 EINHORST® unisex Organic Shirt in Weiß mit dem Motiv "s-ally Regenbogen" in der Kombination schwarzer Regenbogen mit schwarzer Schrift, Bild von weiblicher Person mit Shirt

* * *

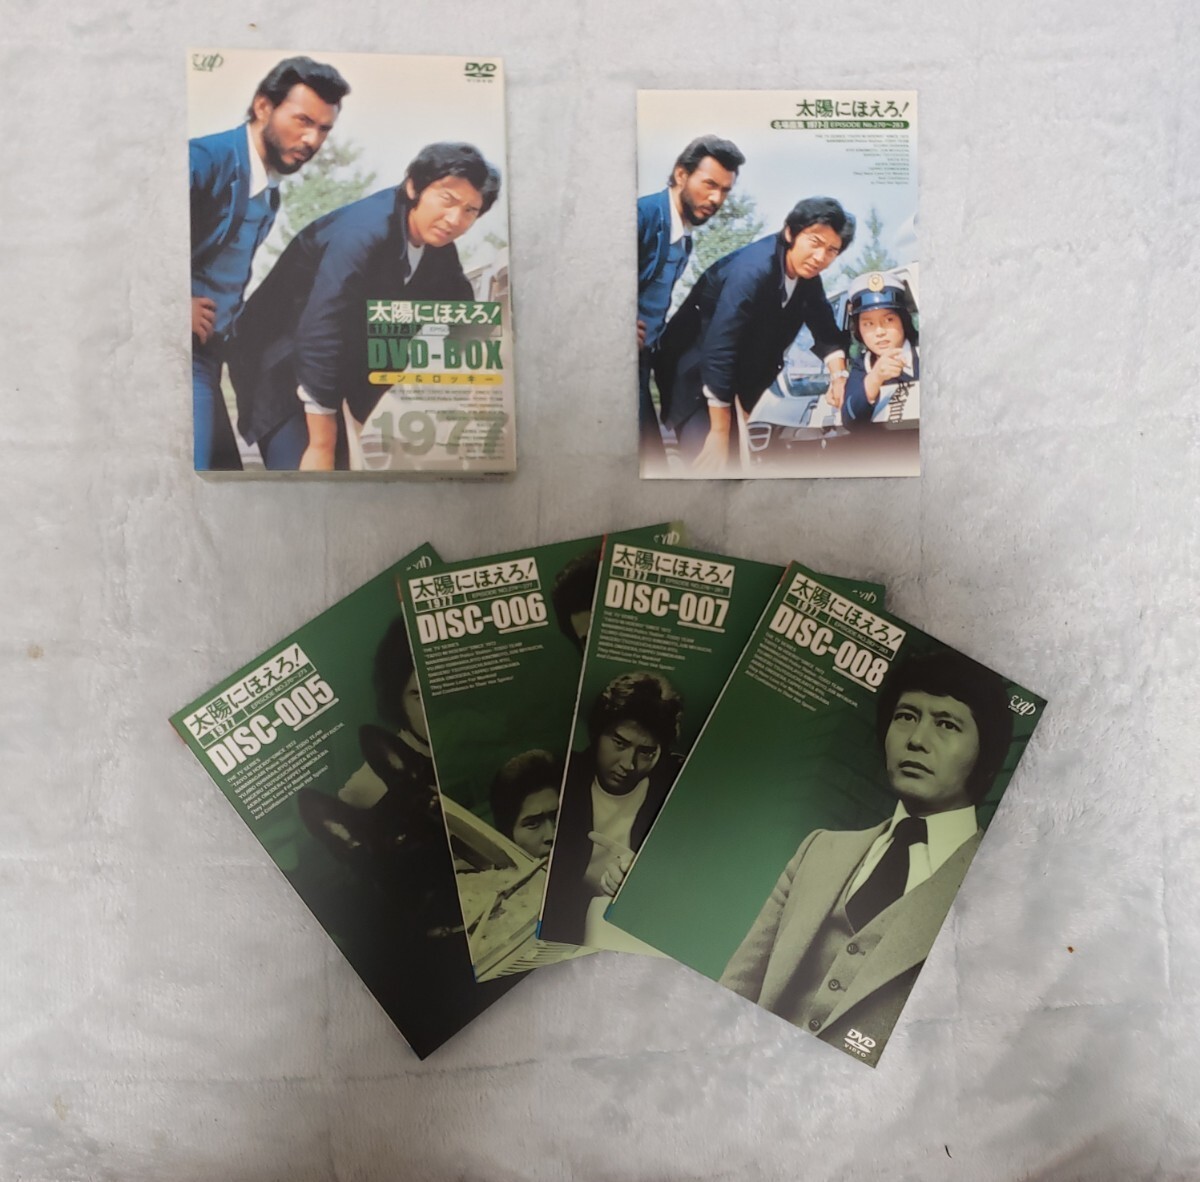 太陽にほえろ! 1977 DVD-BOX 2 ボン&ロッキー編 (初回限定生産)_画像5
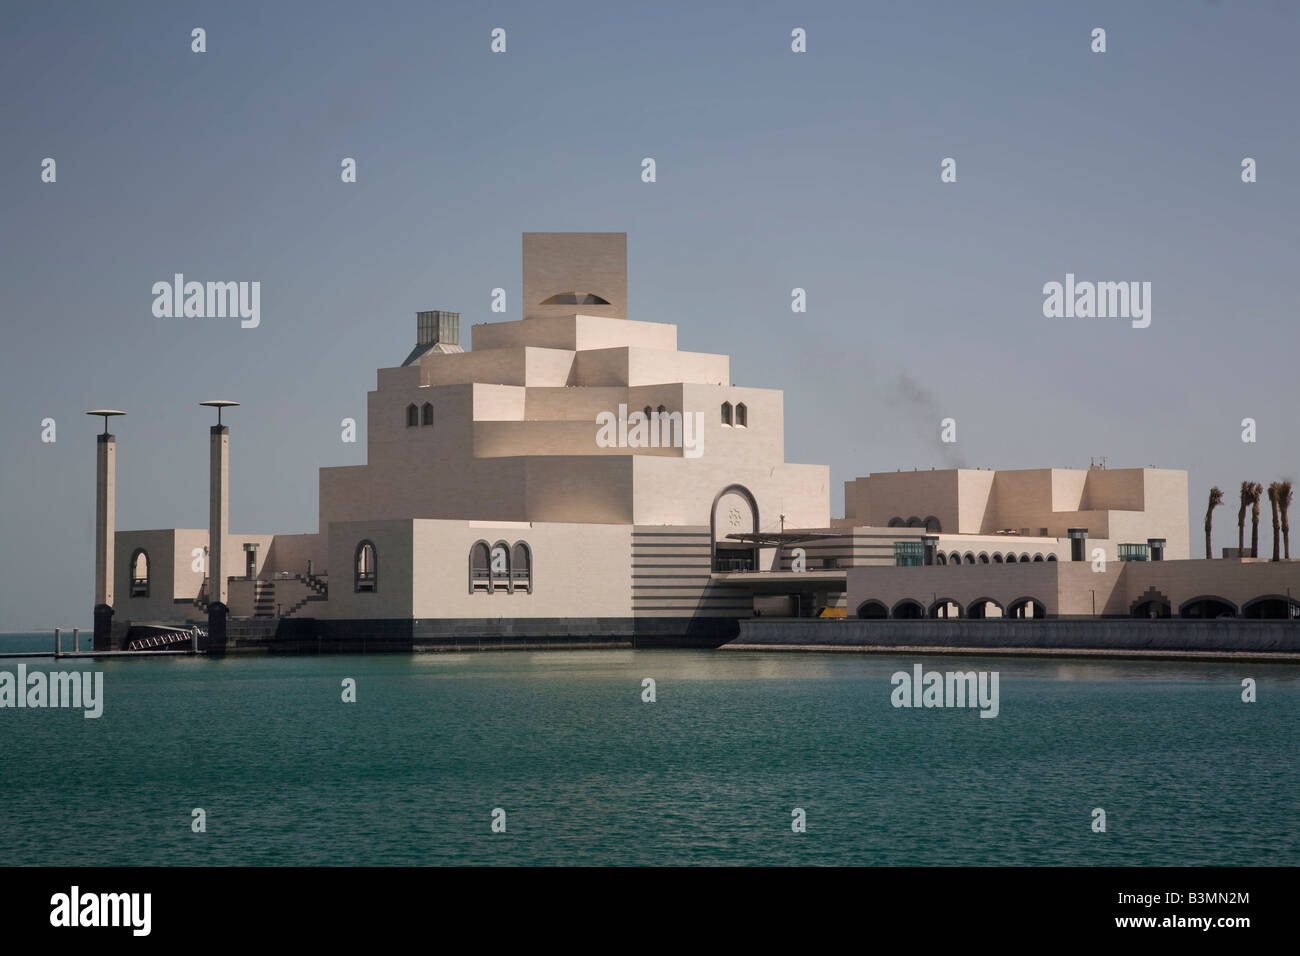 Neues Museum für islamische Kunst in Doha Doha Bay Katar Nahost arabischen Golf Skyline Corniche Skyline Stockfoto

...

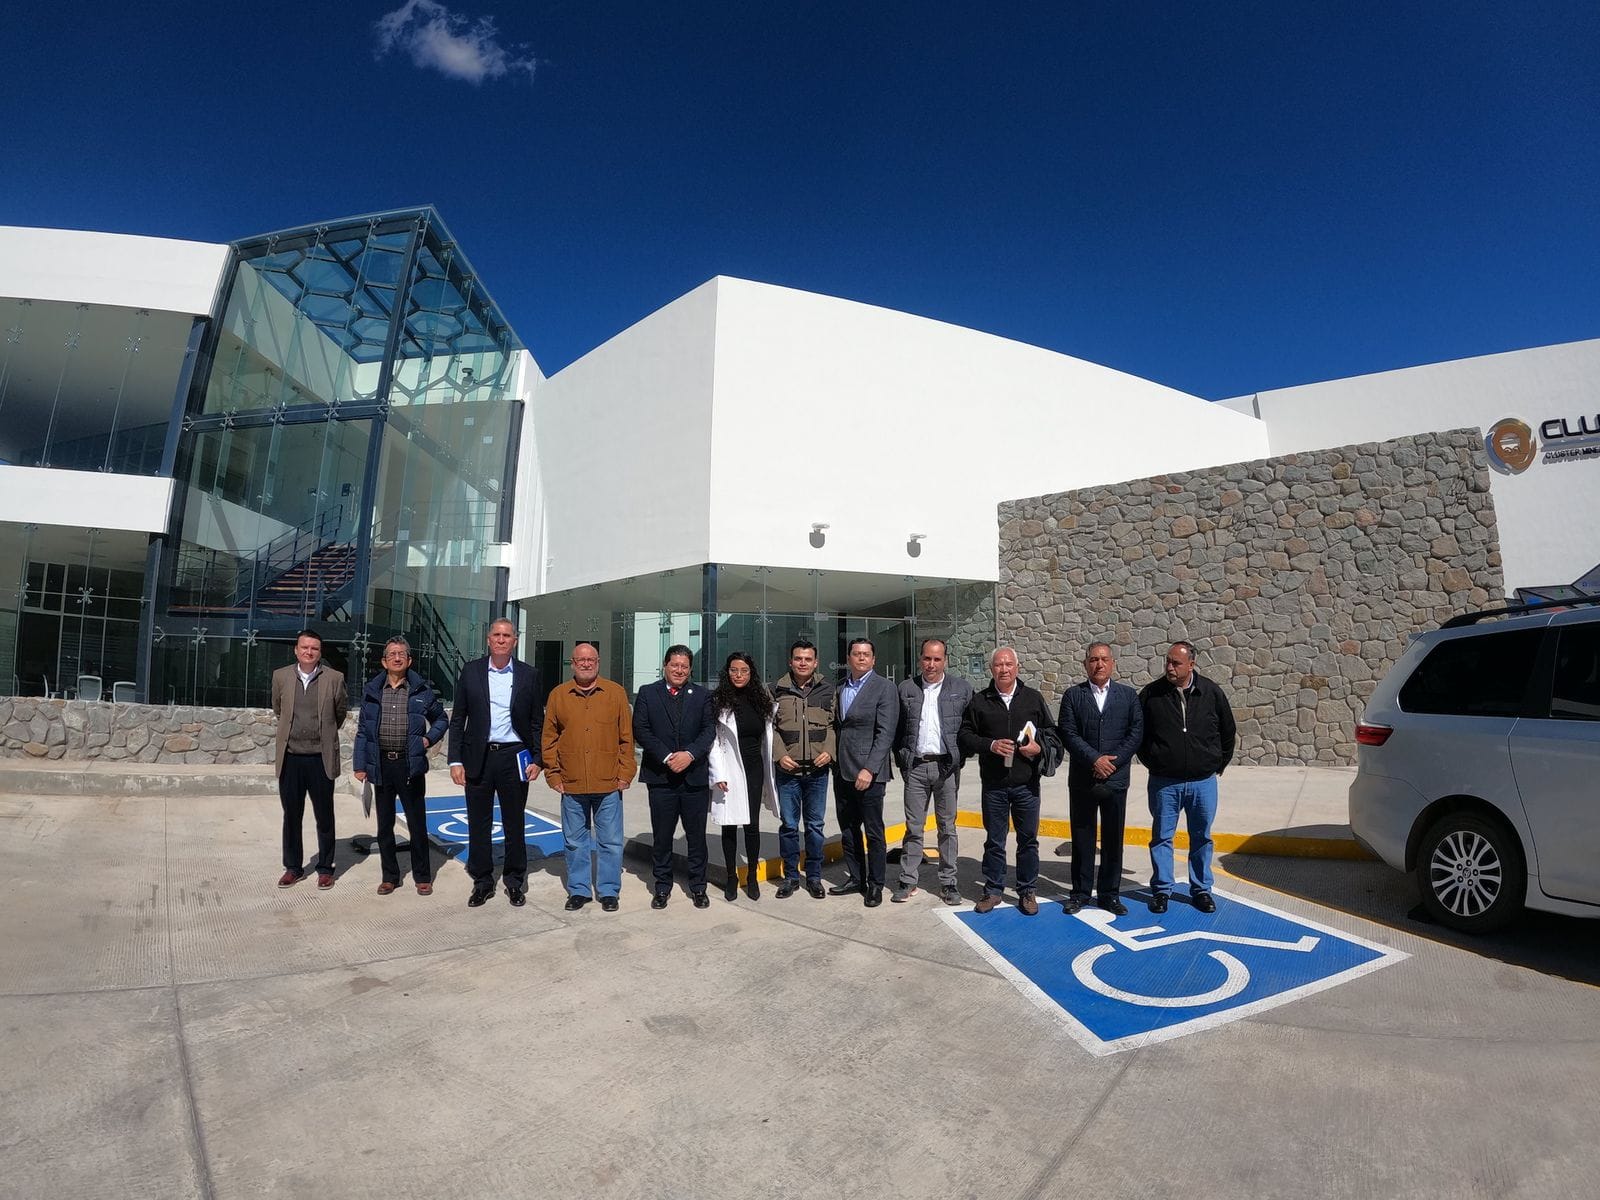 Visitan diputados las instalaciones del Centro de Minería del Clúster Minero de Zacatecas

=== Your objective ===
From the material above, reproduce only what runs from the line holding "太陽にほえろ! 1977 DVD-BOX 2 ボン&ロッキー編 (初回限定生産)_画像5" down to the line holding "Neues Museum für", both included, pictures excluded.

=== Result ===
 太陽にほえろ! 1977 DVD-BOX 2 ボン&ロッキー編 (初回限定生産)_画像5
 Neues Museum für islamische Kunst in Doha Doha Bay Katar Nahost arabischen Golf Skyline Corniche Skyline Stockfoto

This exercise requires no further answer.